_WORK TO BE COMPLETED:_ Repeat the data that follows verbatim. Images are not part of the copy.

_SUPPLIED INFORMATION:_
= Beginning of Section =

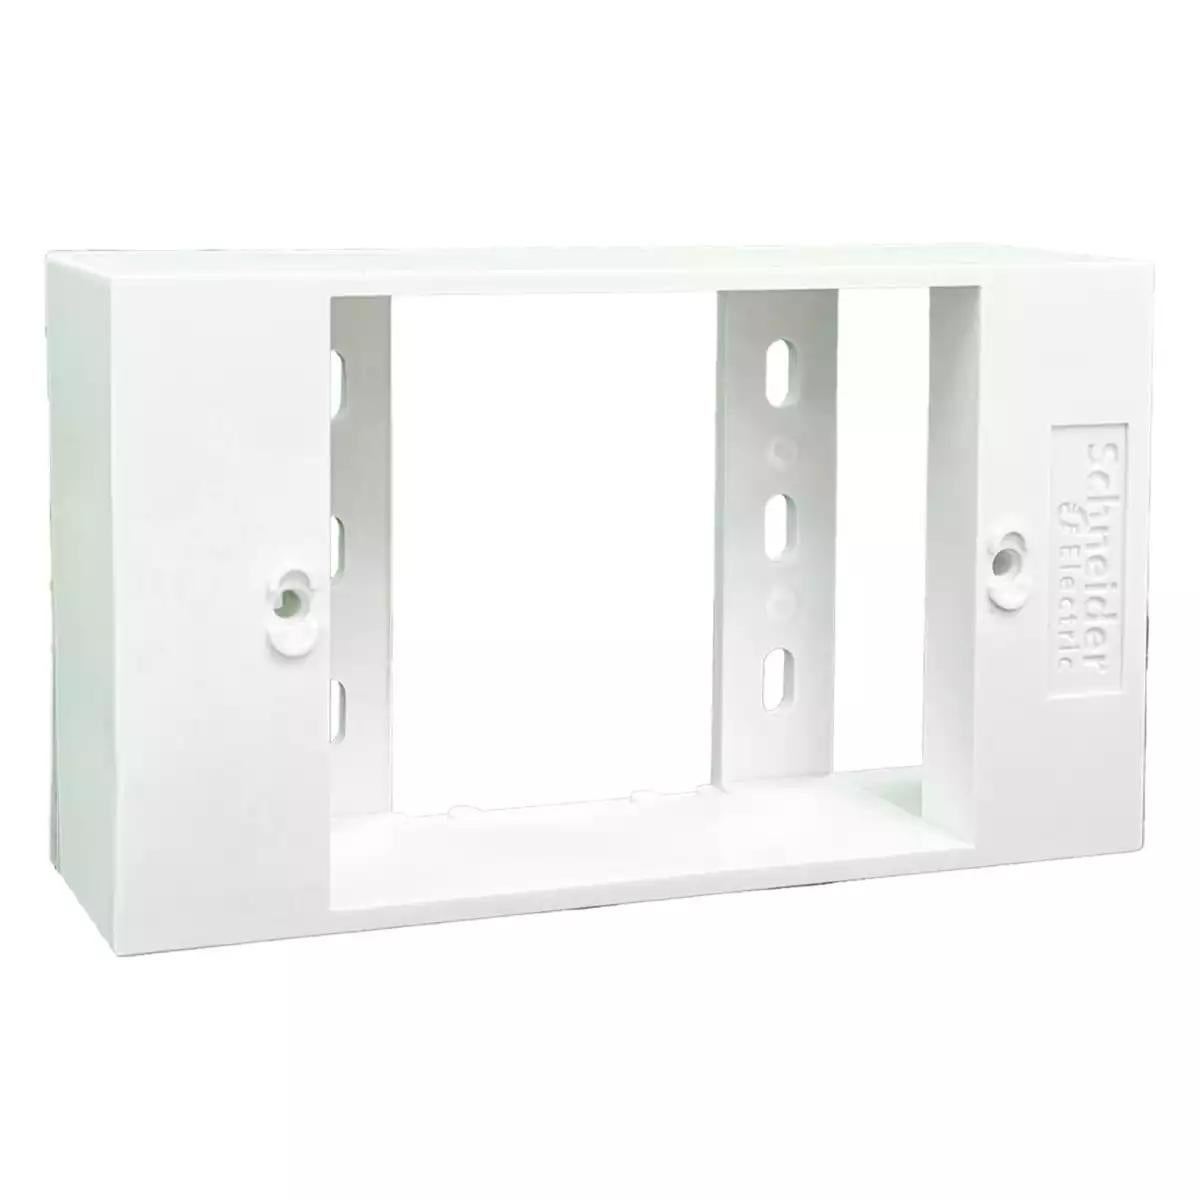 Surface mounting box, AvatarOn A, White
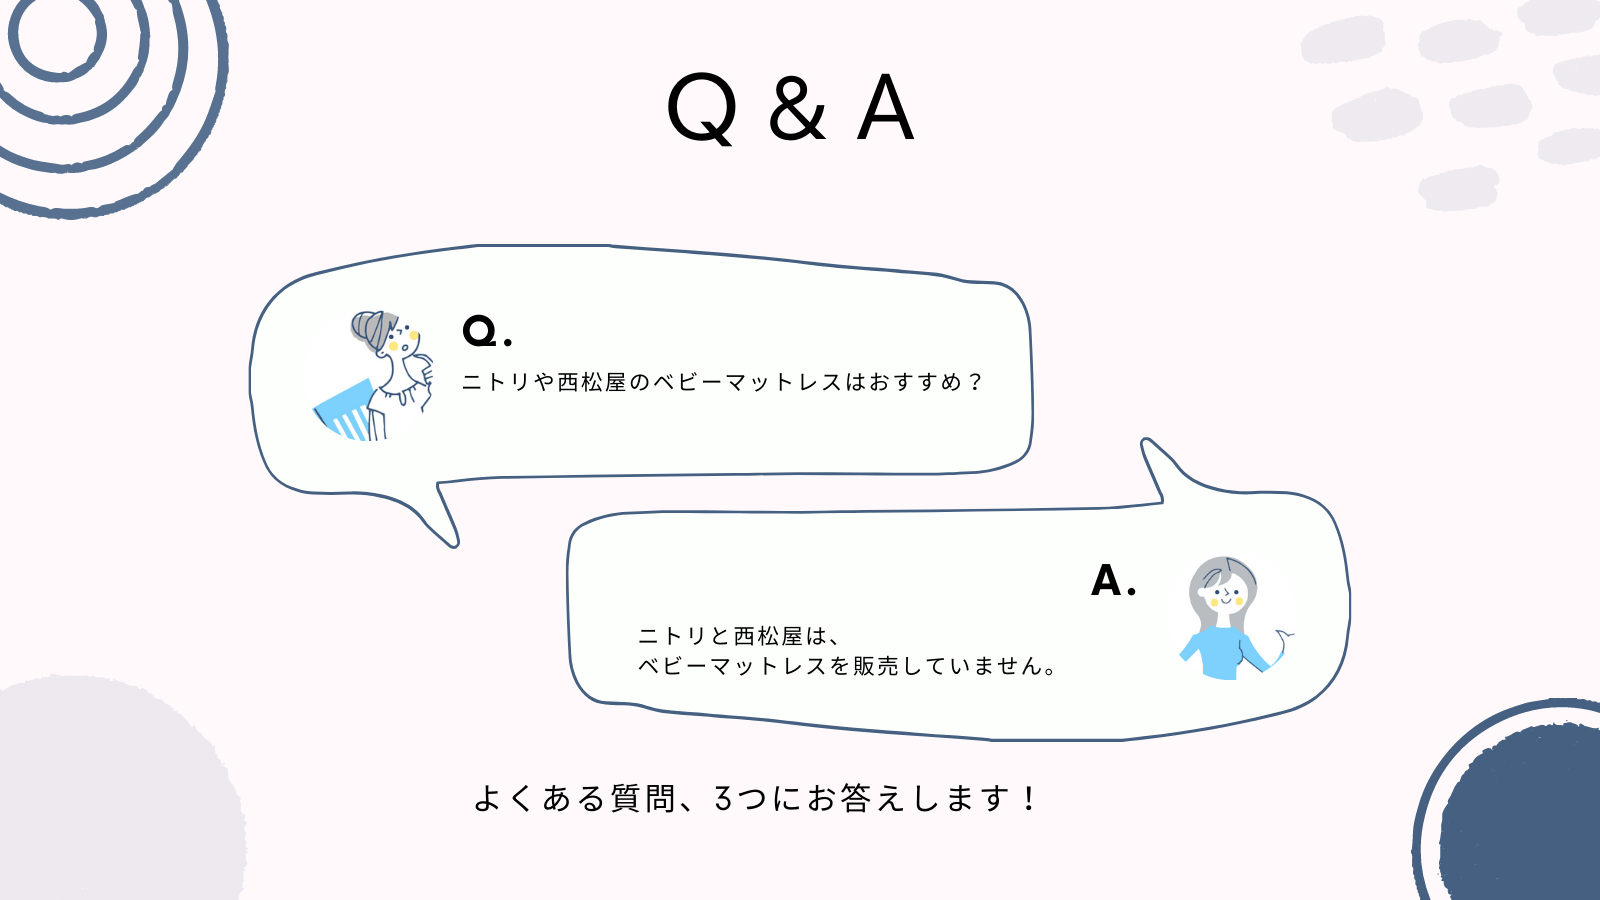 Q & A
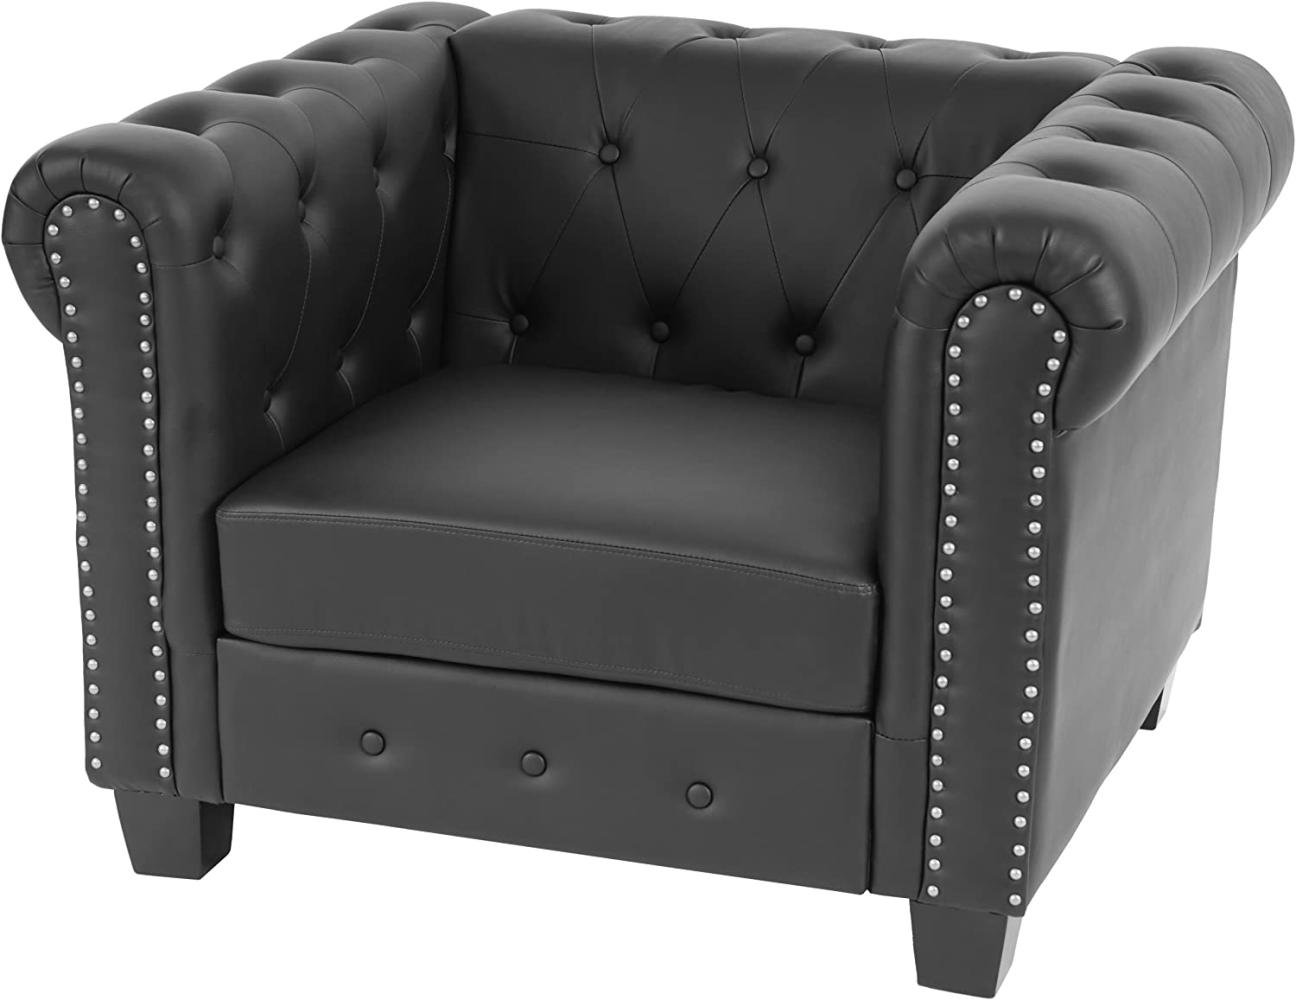 Luxus Sessel Loungesessel Relaxsessel Chesterfield Kunstleder ~ runde Füße, rot-braun Bild 1

= End of Section =

_WRITTEN SOLUTION:_
 Surface mounting box, AvatarOn A, White
 Q & A
 Luxus Sessel Loungesessel Relaxsessel Chesterfield Kunstleder ~ runde Füße, rot-braun Bild 1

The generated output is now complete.